Большие одолжения порождают не благодарных, а мстительных.
Фридрих Ницше, «Так говорил Заратустра»═════════════════════════════════════════════
Он слышал, будто отряды соседа взбунтовались и ринулись из окопов по домам. То же творилось везде. К концу весны хлынут все, сеять рожь и грабить имения опостылевших господ офицеров. Но в его тактической группе был относительный порядок, хотя лица ополченцев стали другие. Не такие, как в начале войны.
Всего пять дней назад его вызвал сам командующий Южным флангом. Старый вояка некогда гордой осанки теперь сидел, некрасиво сутулясь. Сгорбленный и уставший, он хотел знать только одно: почему отряды господина капитана до сих пор верны клятве и сражаются отменно? Как внушить остальным то же самое?! В чём секрет вчерашнего юнца из Древних владений, начавшего войну младшим офицером?! – ведь даже матёрые командиры не справляются с настроениями ополченцев.
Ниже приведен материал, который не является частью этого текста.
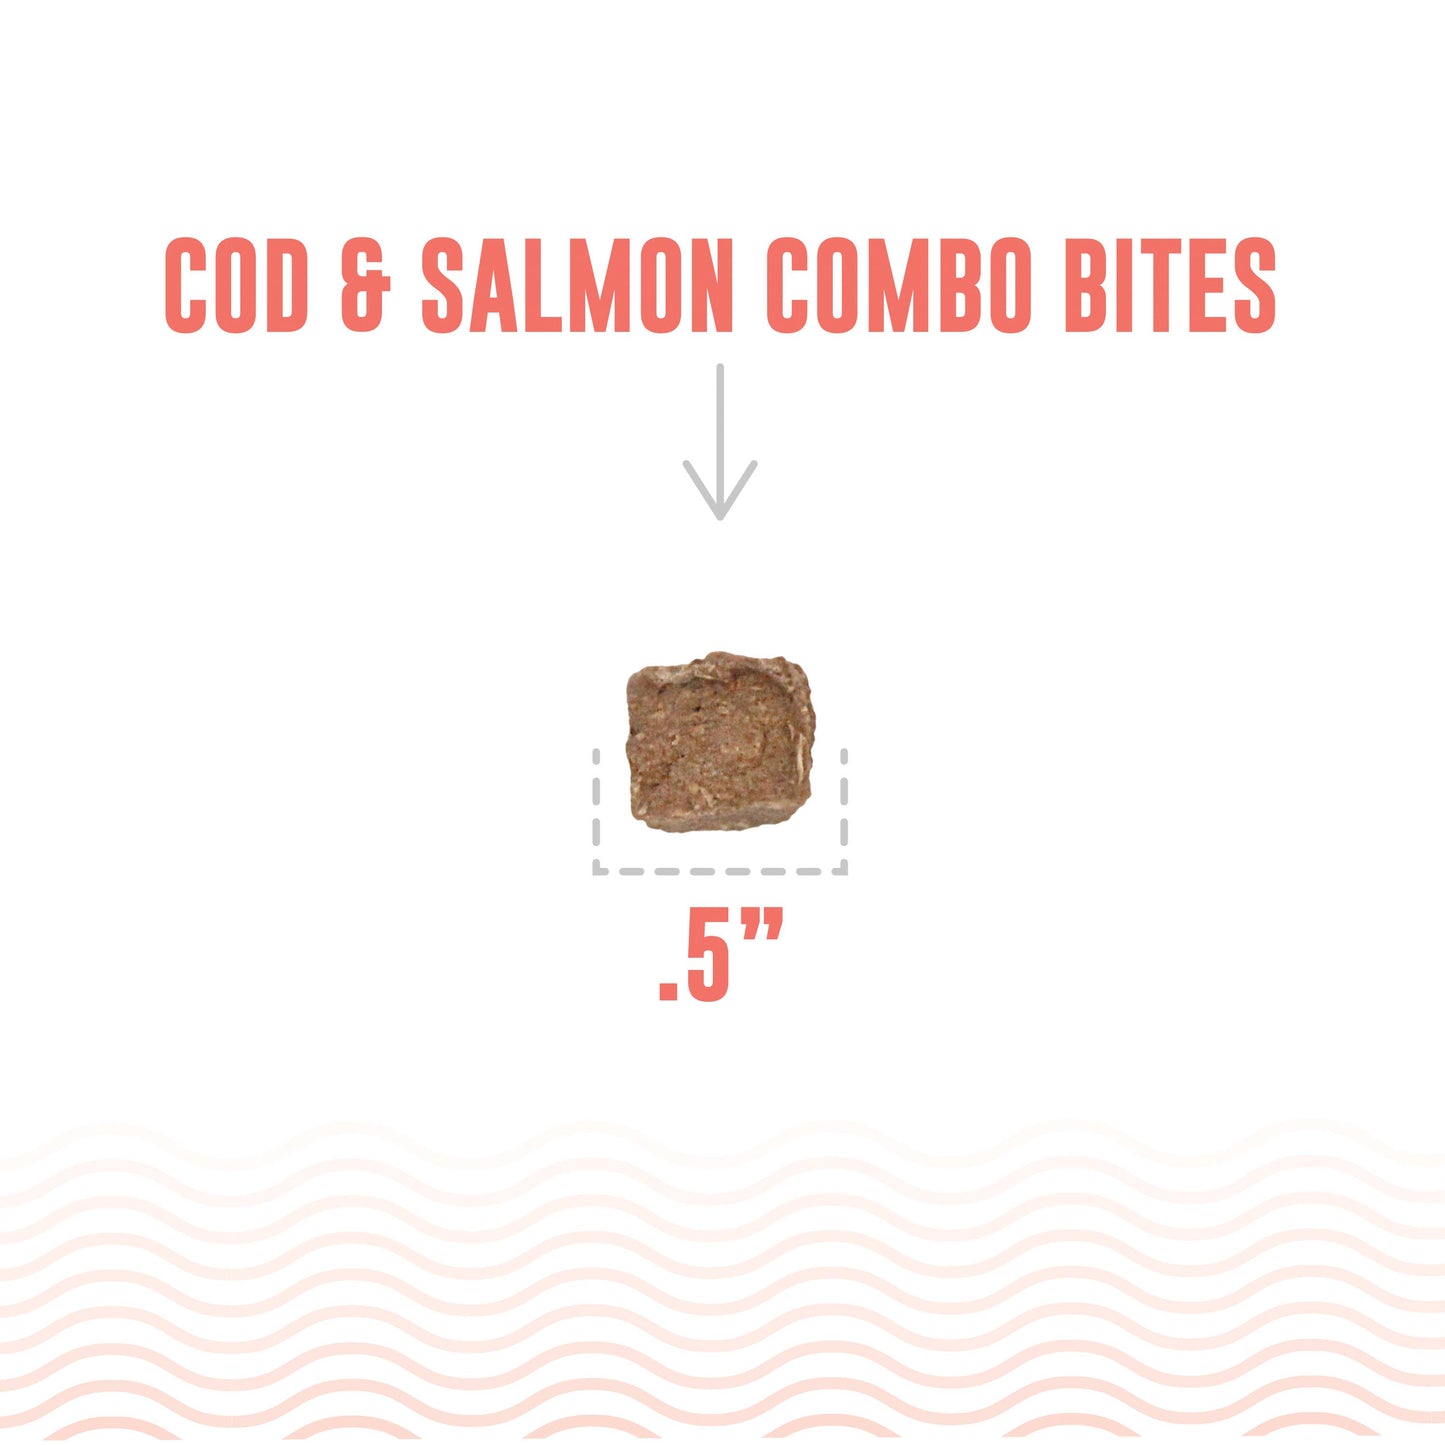 Icelandic+ Cod & Salmon Combo Bites Fish Dog Treat 3.0-oz: Default Title

То была сущая правда. После триумфальных походов Эштаръёлы минули столетия, но убаюканное былой славой государство не присматривалось особо к недругам – «плетью всех перешибём». И влезло в большую войну, озабоченное вечной идеей защиты слабых по всему миру. Управители понадеялись молодецким ударом пробиться за Вехтские Ворота. И на плечах панически бегущего противника ворваться в Плонгу. А там и до Несокрушимого замка рукой подать. В конце концов, сила силой, господа вехты, но и совесть надо бы иметь! Зачем обижать маленьких, тем паче наших почти единоверцев?
Но победоносная дурь выветрилась очень быстро, ибо противник не подставлял плеч и не показывал спин. Враг оказался храбр и умён. Он не дрогнул, ибо давным-давно опутал себя густой сетью железных дорог и упрятал в свои горные ущелья уйму огромных оружейных заводов. И встретил молодецкий удар конных княжеских дружин артиллерийским шквалом.
Потери первых же дней войны с лихвой покрыли все потери времён Эштаръёлы, о которых так страдала Великая управительница. В последующие дни Великого Отступления пришло и великое прозрение: «Господа, идёт совсем другая война!». Оказалось, в такой войне десяток пугливых толстяков у большой пушки стоят тысячи мускулистых храбрецов на породистых лошадках. Храбрецов убьют, не позволив им вступить в молодецкий бой и взмахнуть саблями. Будут бить и бить из больших пушек «в том направлении», даже не видя противника. Его видит лишь наблюдатель, он высматривает противника в прекрасный незапотевающий бинокль, из большого дирижабля, тот висит так высоко над его большими пушками, что не достать из винтовок. И большие пушки будут стрелять до тех пор, пока не убьют всех лошадок и всех храбрых всадников. Снарядов у пугливых толстяков вдоволь.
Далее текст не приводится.